The children also face a long process before their extended families can retrieve them, with some likely to enter foster care while their cases are reviewed. In view of this, Maktouf believes it’s inhuman of the French authorities not to have acted sooner.
“We have already wasted one year. And already since last year we know what camp they are in, we know they are French, we know they have families in France and we haven’t yet done (anything),” she says.
Nadine Ribet-Reinhart, who lost her son in the Bataclan attack, agrees that a distinction needs to be more clearly made between those who chose ISIS and those who did not, and that the children need to brought home urgently.
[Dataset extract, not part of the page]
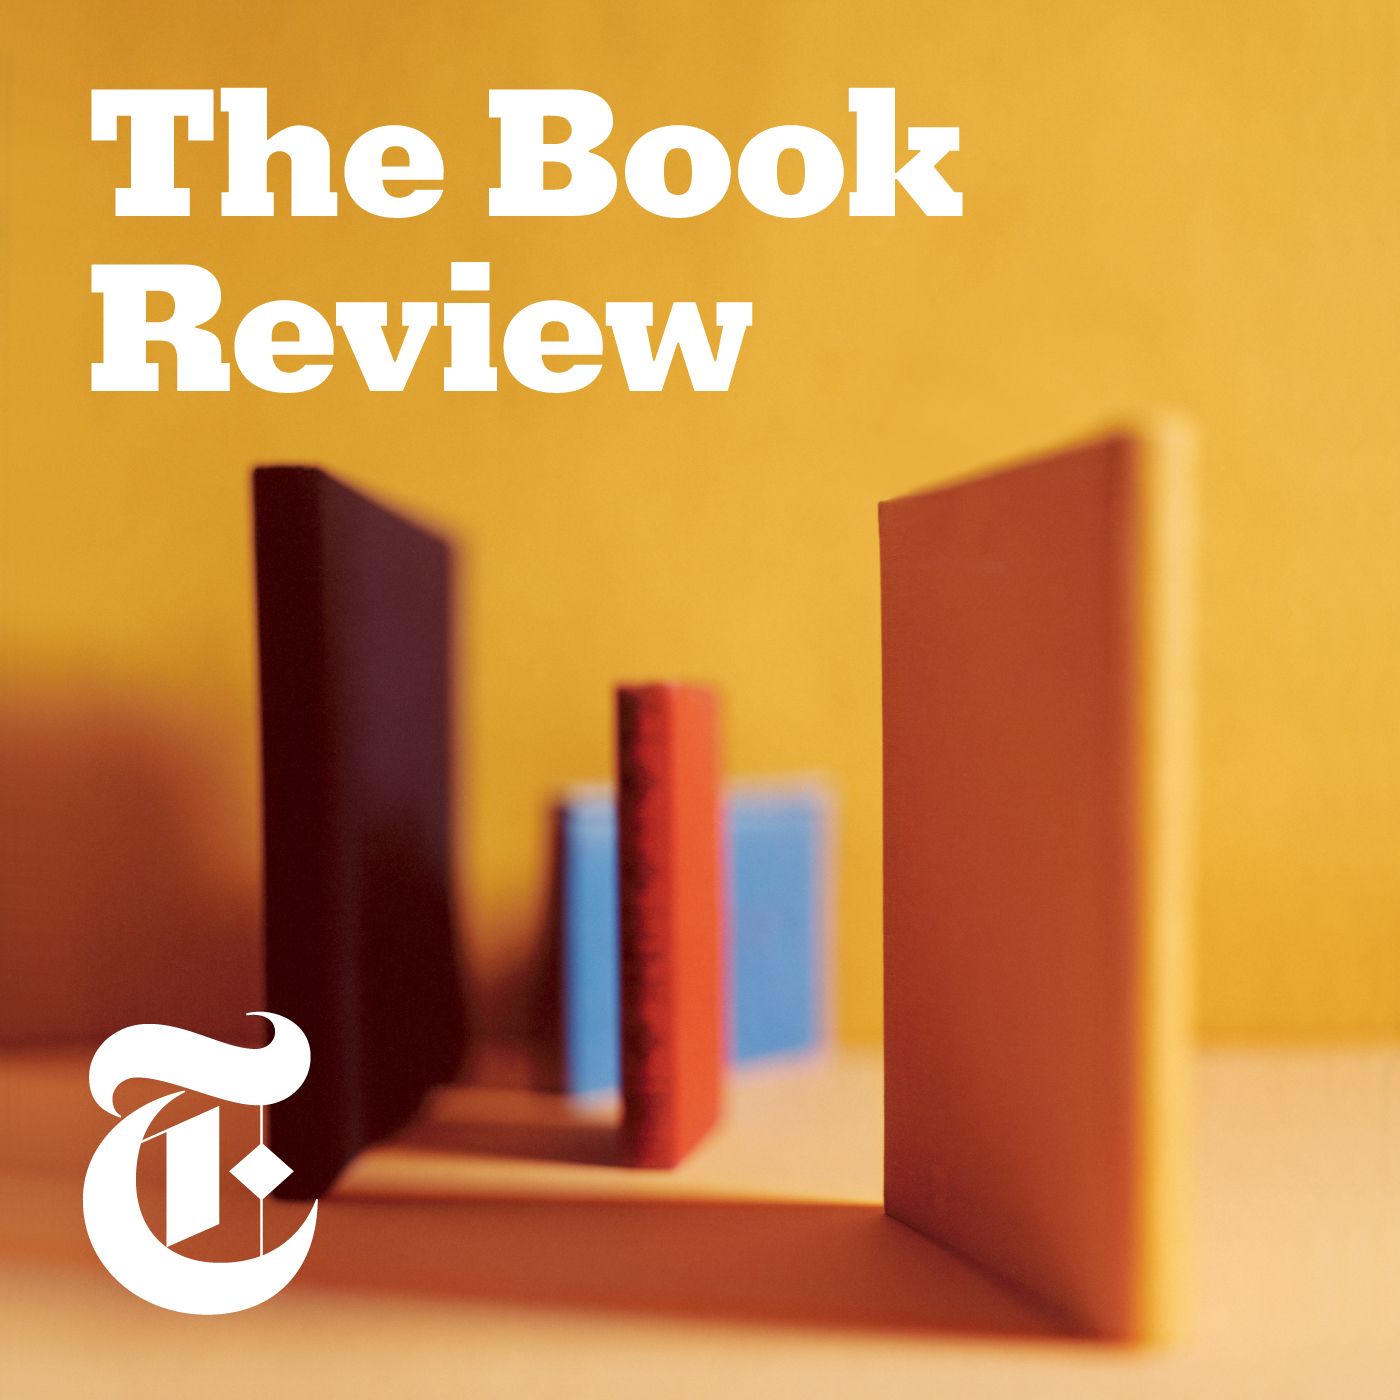 Advertise on “The Book Review Podcast”

“It is not because we are the parents of deceased and wounded … that we lost our humanity on November 13,” he says. “So of course, we wish that those children are repatriated, that they find a foster family, grandparents, but their parents must be judged.”
‘Kidnapped’ from France
But beyond the 90 children that France is currently preparing to bring back, there are others. Jana is a seven-year-old orphan who was taken to Syria by her father. He kidnapped her from her mother in 2014 when she was three, her family says.
Jana’s uncle, Mustapha, says that after her father’s death she was placed in the hands of a Libyan family in Syria who initially communicated with him, but who now don’t want to return her and have cut contact with him.
Mustapha thinks that French nationals like Jana are the forgotten ones. “Not much thought is given really to the children. They haven’t asked for anything. They never asked to go there. We need to ask questions, the authorities must ask about these children, who are not responsible at all.”
He worries that Jana might no longer speak any French or even remember her real name. She is a child, lost in Syria, who doesn’t even know she is lost.
Mustapha says that too little is being done by those who owe Jana protection on two counts: because she is French and because she is a child.
Edith Bouvier and Celine Martelet contributed to this report.